Recently I wrote a post on using Docker for Jupyter and Python with the Intel Python2 distribition for data science. With this, I got some feedback to use virtualenv instead of Docker.
I started using Docker for the desire to learn how to make portable environments that can be moved from one machine to another with ease. With this, Docker comes with the benefit of adding other services into an application through the use of multiple containers. I am currently learning to use docker-compose
to create an application with multiple containers. This allows for adding services such as PostgreSQL, MongoDB, Jupyter notebooks, or Apache Hadoop.

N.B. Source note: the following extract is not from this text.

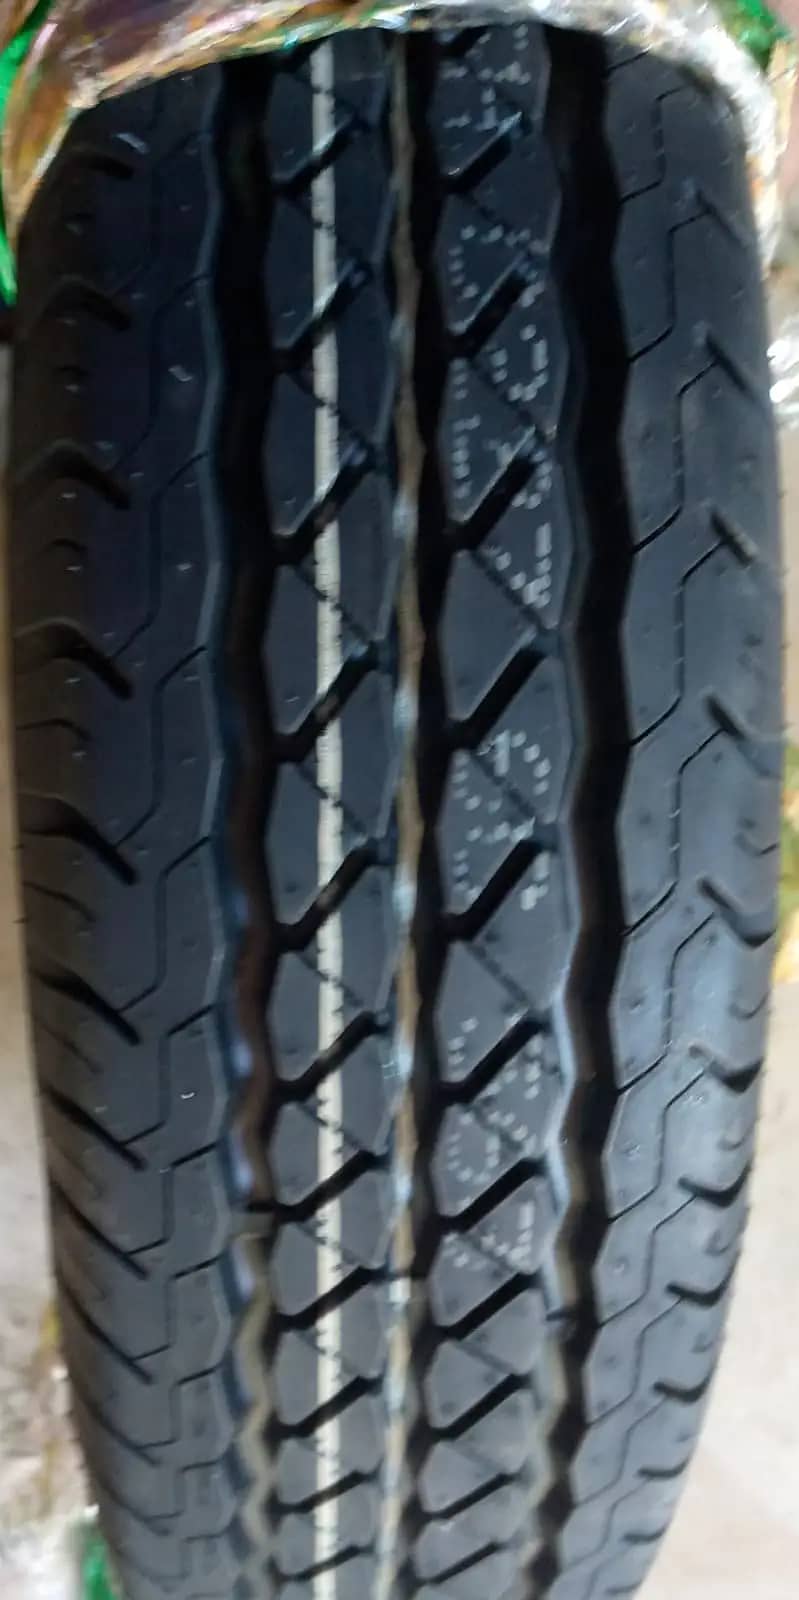 New Tyres Alloy Rim For Sale 1

What do you typically use and why?
References
Cover image sourced from Docker Wallpapers
Top comments (20)
Good question! I use Pipenv when developing Python applications locally.
pipenv
is now the official Python recommendation for managing isolated environments. I usepipenv
because it makes isolated environment management incredibly simple. It's important to note that you aren't facing a mutually exclusive choice here. There are Dockerized applications that use multiple isolated environments within their architecture. The boundary for me when deciding to use Docker is the scale at which the application will be used. If we're talking a production-ready web application that needs to scale to 1000's of users then containerize away! However, if we're talking about an internal tool that a team of data scientists distributes locally to use on their personal machines, then you may not need Docker. Honestly, I don't see a problem with Dockerizing for the second use case either as long as it doesn't create an unnecessary barrier to entry amongst the team.Oh interesting! Thanks for the link, I will definitely look into it more. I appreciate you responding, the idea of containerizing large scale production versus small scale in-house applications makes sense. Some applications I have seen for in-house use don't necessarily need the container while others seem more suited towards it.
Anything you are going to deploy to a server, you should use docker unless you have a really good reason not to. It's a better alternative to having a lot of custom scripts that install whatever on a server and it will just run on most server platforms. Something a lot of javascript, ruby, and python hackers always struggled with is the notion that system administrators generally don't like having to deal with stuff that just craps all over the filesystem that requires root permissions; dumps all over the place in /usr, /lib, etc. Things like virtualenv really have no business being on a server: they are development tools intended for developers on their workstations. Having any kind of custom install procedures for software on servers is just not a thing these days.
If you are using docker anyway, using docker build to build, package and run your application locally also makes a lot of sense. All it requires is adding a Dockerfile to your repo. It's really easy to set up and you document exactly what your application needs to run as a side effect. You can pick whatever python version you need, whatever libraries, binaries, etc. need to be there, etc. And if you then still want to run virtualenv or similar locally you still can.
How do you square this with text editors that expect the packages to be available locally and give linting errors (not to mention don't give hints as to how to use the API) if your packages are all sitting in a running docker container?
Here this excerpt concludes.